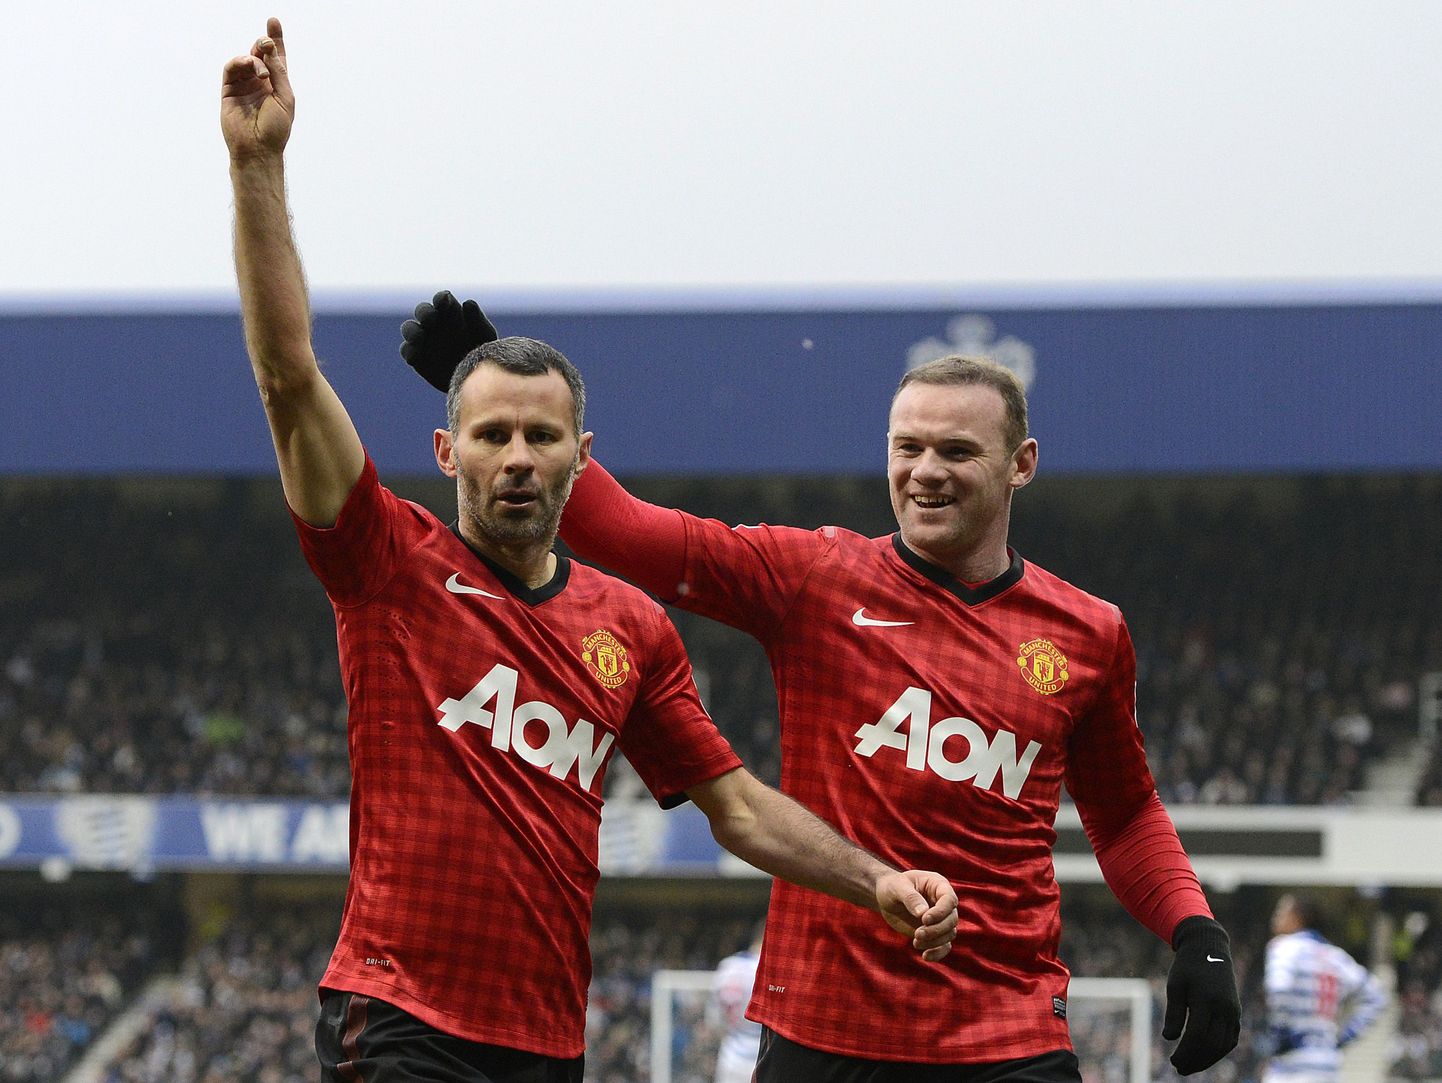 Ryan Giggs (vasakul) koos Wayne Rooney'ga väravat tähistamas.
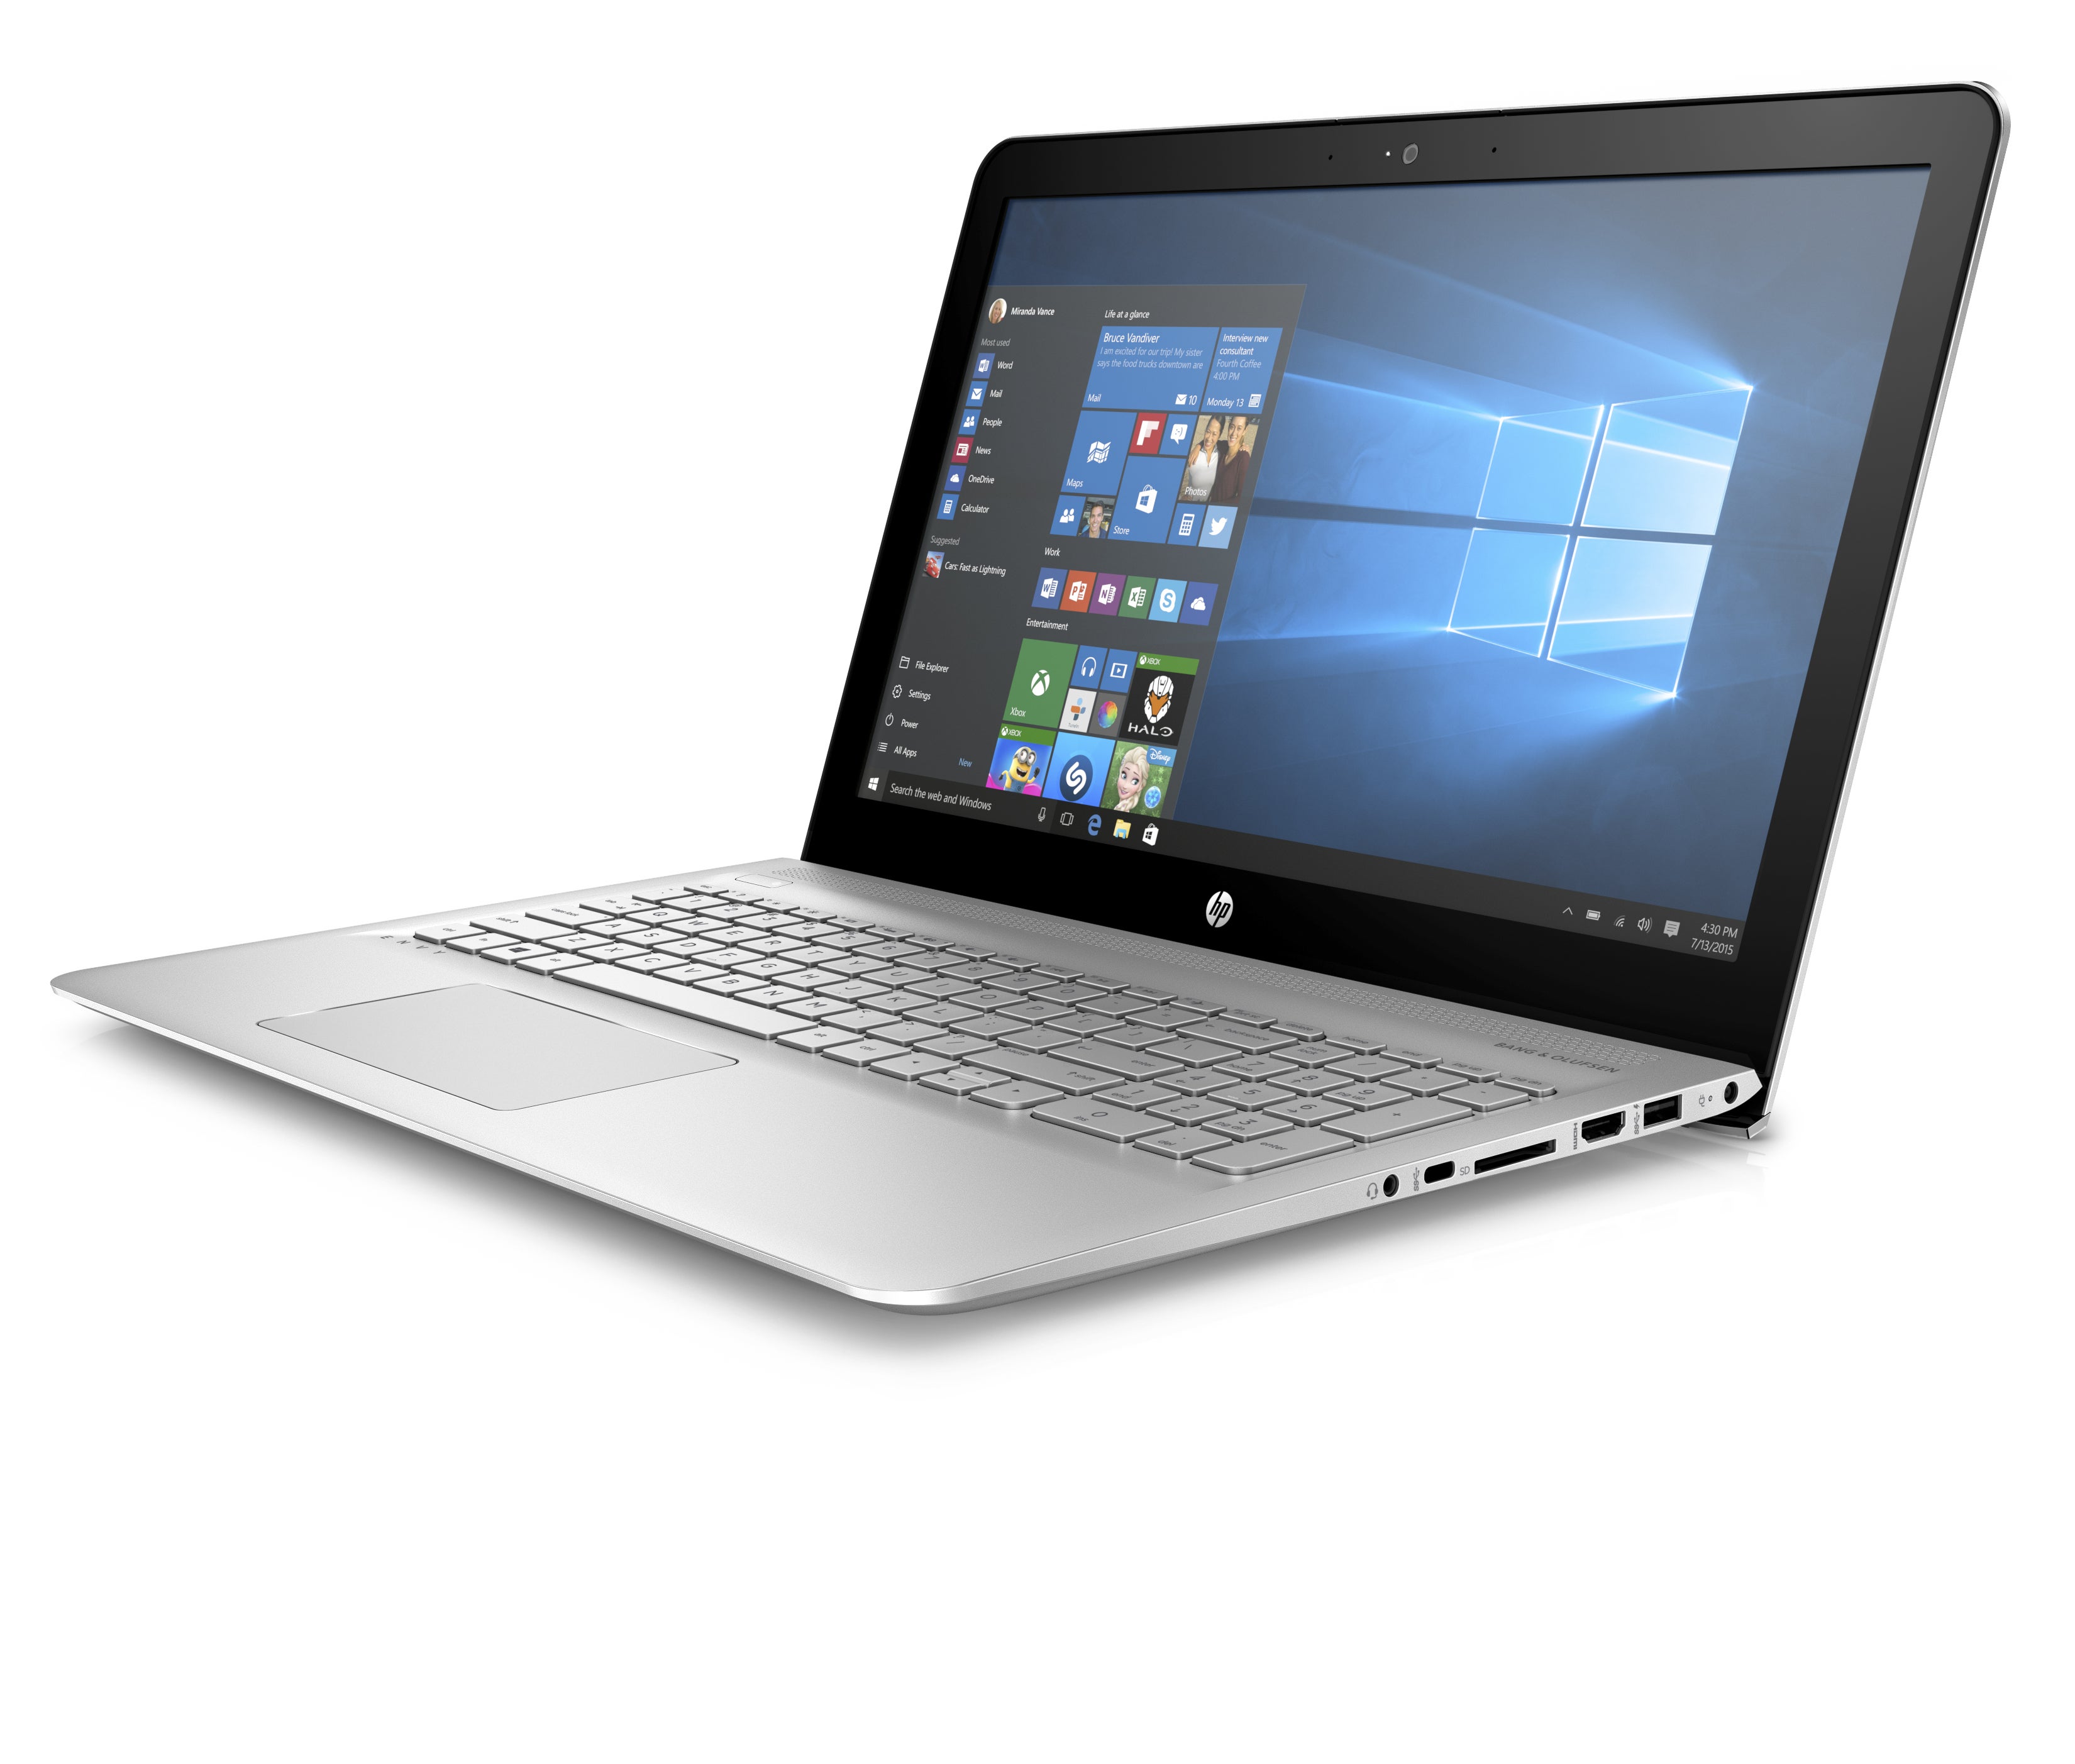 HP's Envy laptops pack longer battery life and AMD's new Bristol Ridge ...
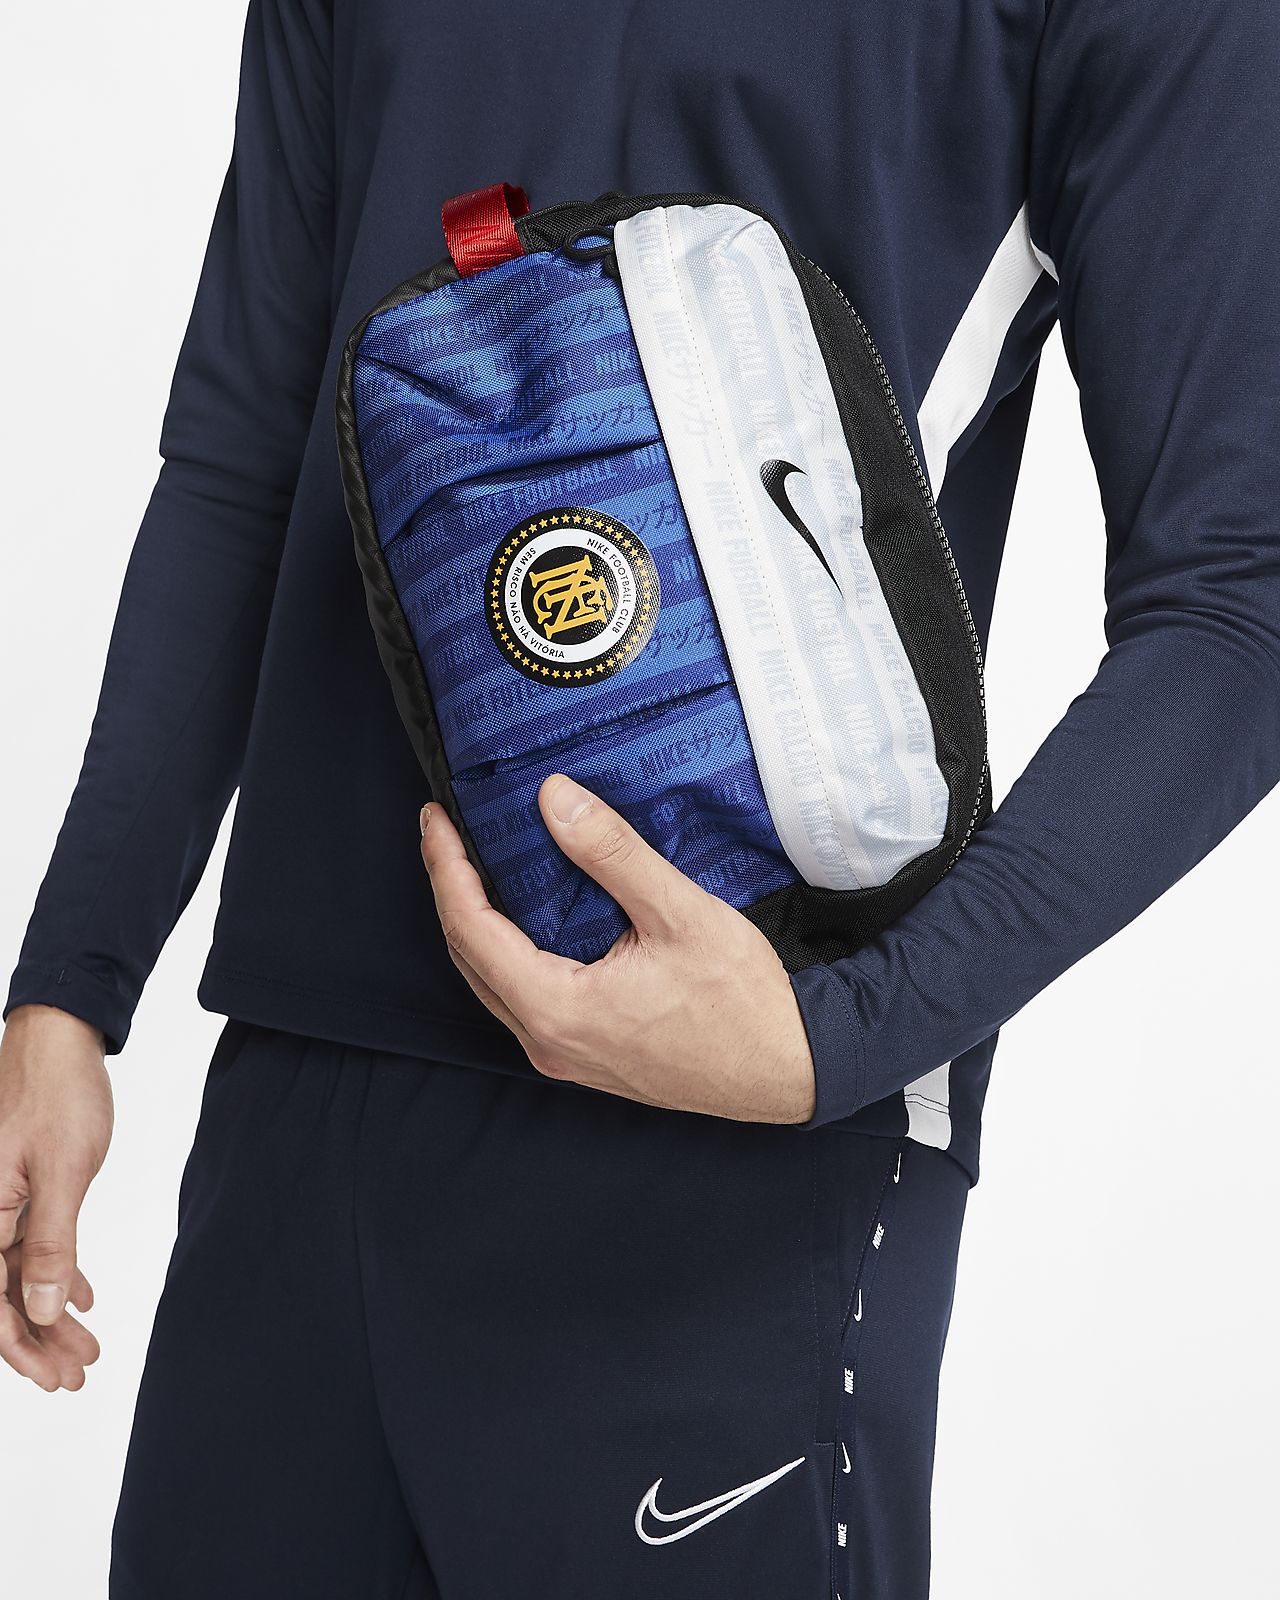 Nike F.C. Football Utility Bag. Nike ZA

◆ ◆ ◆

§ WHAT YOU ARE ASKED TO DO
The expected answer is the whole listing above, copied exactly, with images excluded.

§ ANSWER TO THE PROBLEM
 Ryan Giggs (vasakul) koos Wayne Rooney'ga väravat tähistamas.
 HP's Envy laptops pack longer battery life and AMD's new Bristol Ridge ...
 Nike F.C. Football Utility Bag. Nike ZA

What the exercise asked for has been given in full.